Koumassi, il est 11h37 mn, ce jeudi 05 mars 2015, quand nous arrivons au foyer des jeunes, centre retenu pour l’occasion dans cette cité pour le déroulement de cette opération d’identification. Une trentaine de personnes, munies de documents, sont regroupées devant une entrée. D’autres personnes sont assises sur une petite clôture de mur au sein de la cour. L’impatience se lisait sur les visages. Des requérants approchés ont exprimé leurs déboires et récriminations. Ils ont déploré la lenteur de la procédure et la durée de délivrance des cartes d’identité.

Sangaré Oumar, bijoutier résidant au Ghana, a confié qu’il y a maintenant 8 mois qu’il a émis une demande de renouvellement de sa carte d’identité qu’il a égarée. Et depuis lors, il est dans l’attente, nous dit-il. « J’ai laissé toutes mes activités au Ghana pour venir renouveler ma pièce. Et ce, depuis le 19 août 2014. Mais jusqu’à ce jour, je n’ai encore rien reçu », a déploré Sangaré Oumar.Il a jouté qu’on l’a assuré qu’il suffisait d’un seul jour pour se faire établir la carte nationale d’identité.

Un autre requérant, visiblement très en colère, a fait savoir qu’il est au centre depuis 06h du matin, avant de lancer : « On ne sait même pas ce qu’ils font. Rien ne bouge ». La lenteur du service a été relevée par d’autres requérants, dont Serge Koffi . Nos tentatives pour avoir plus d’informations sur le processus auprès des agents affectés dans ce centre sont restées vaines. « Si vous voulez des informations allez-y à la direction », a marteléun responsable de ce centre.

Dans la commune de Port-Bouët, il était 12h36 mn, quand notre équipe de reportage arrivait dans les locaux de l’ancienne mairie abritant les services de l’opération d’identification. Un autre décor s’offre à nous. Certains agents de la mairie et de l’Office national d’identification (Oni), assis derrière leurs comptoirs, attendent les pétitionnaires. Les quatre guichets ouverts pour l’occasion sont vides. C’est seulement 20 mn après notre arrivée qu’une jeune fille se présente à un comptoir.

N’Dri Ludovic, secrétaire général de la mairie et superviseur de l’opération d’identification dans cette cité, a indiqué que cette faible mobilisation des populations pourrait s’expliquer par le manque de communication autour de l’opération.
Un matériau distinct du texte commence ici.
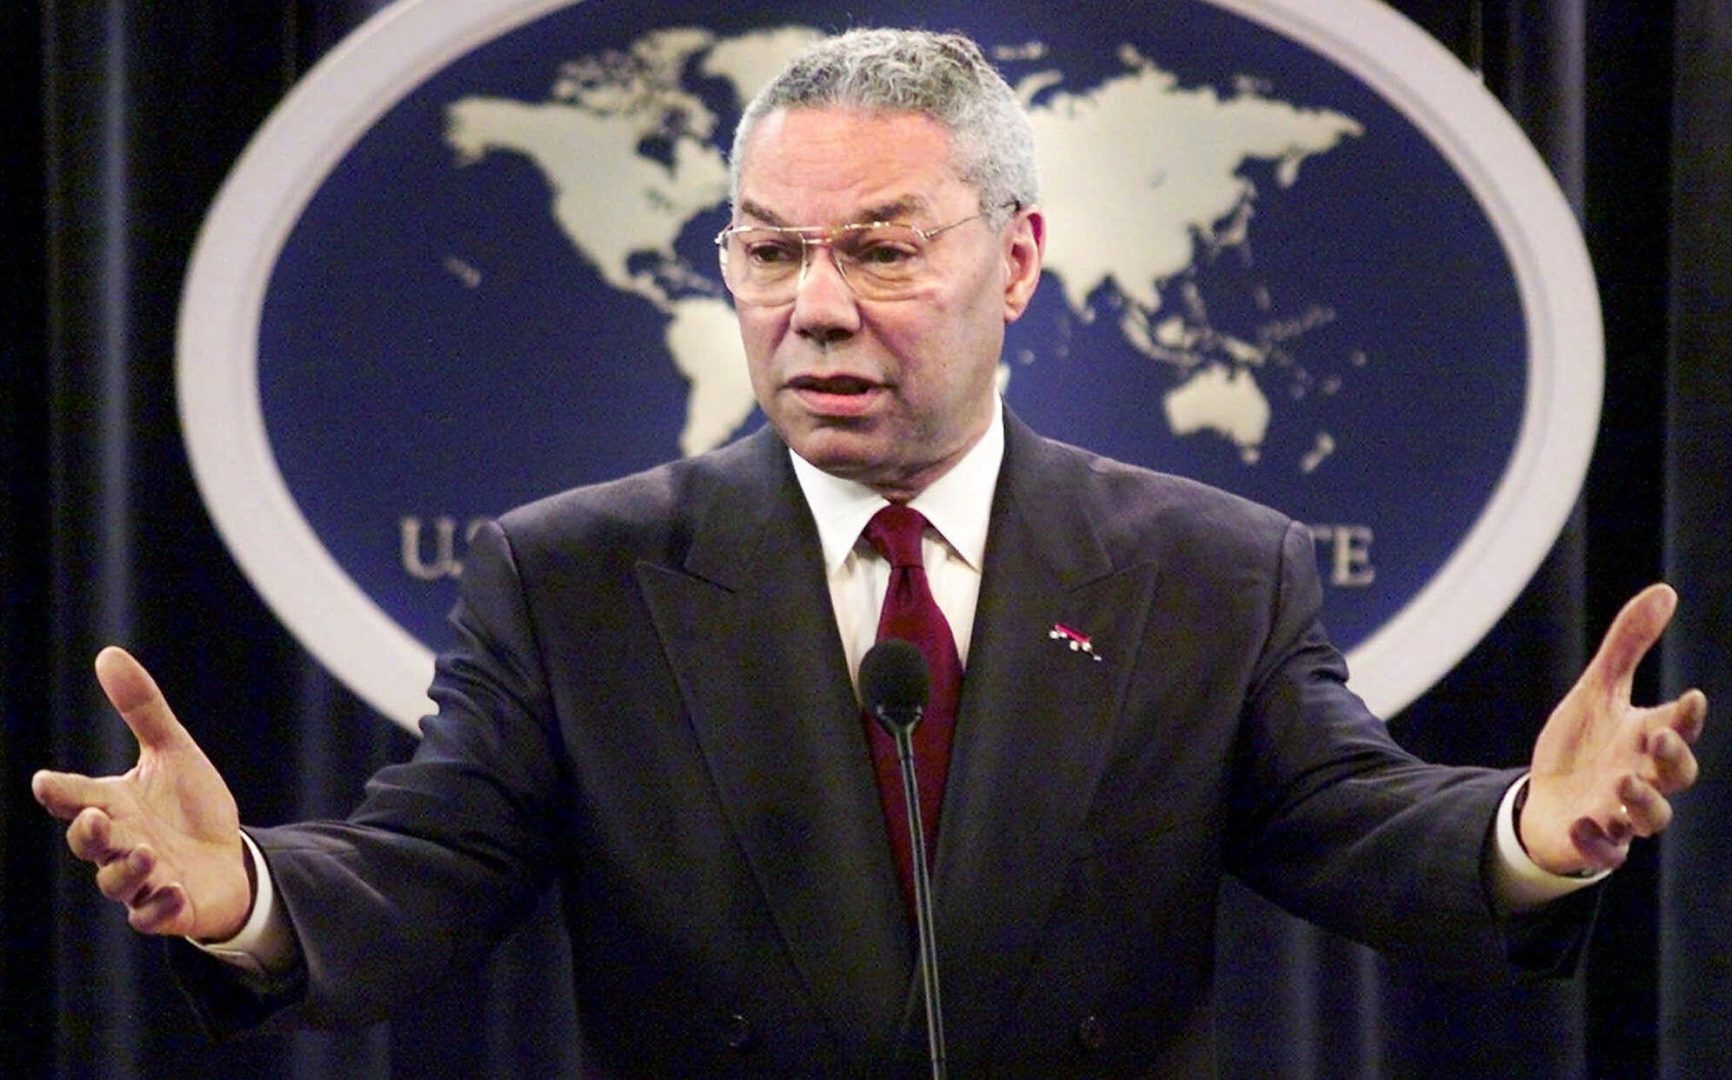 In this May 21, 2001, file photo, Secretary of State Colin Powell talks with reporters during a news conference at the Department of State in Washington. Powell, who also served as chairman of the Joint Chiefs, has died from COVID-19 complications, his family said Monday, Oct. 18, 2021.

Il a noté que cela s’explique aussi par le fait que l’opération a débuté il y a moins de deux semaines dans sa commune. « On a ouvert le 26 février. Mais, ce n’est seulement qu’à partir du 27 février qu’on a effectivement commencé l’identification. Le total des requérants à ce jour est de 365.», a-t-il justifié.

A Marcory, c’est la cour de la radio locale qui abrite l’opération. Là encore, on pouvait remarquer un faible engouement des populations à notre passage, à 14h42 min. Des jeunes filles assises sur le banc, attendent leurs tours. Une dame s’est prêtée à nos questions. « Je suis venue accompagner ma sœur parce qu’ici, ça avance, contrairement aux services de Koumassi où nous résidons. C’est ici que j’ai fait mon identification la semaine dernière. Satisfaite de la qualité du service, j’y ai accompagné ma sœur. » a-t-elle indiqué. Tout comme à Koumassi, les agents ont refusé de nous donner plus d’informations sur le processus d’identification. Notons que l’opération est permanente. Et pour faire la demande, le requérant doit se munir d’un extrait d’acte de naissance ou d’un jugement supplétif, d’un certificat de nationalité, avec le reçu de paiement du droit de timbre de 5000 F cfa qu’il s’acquittera dans les points dédiés.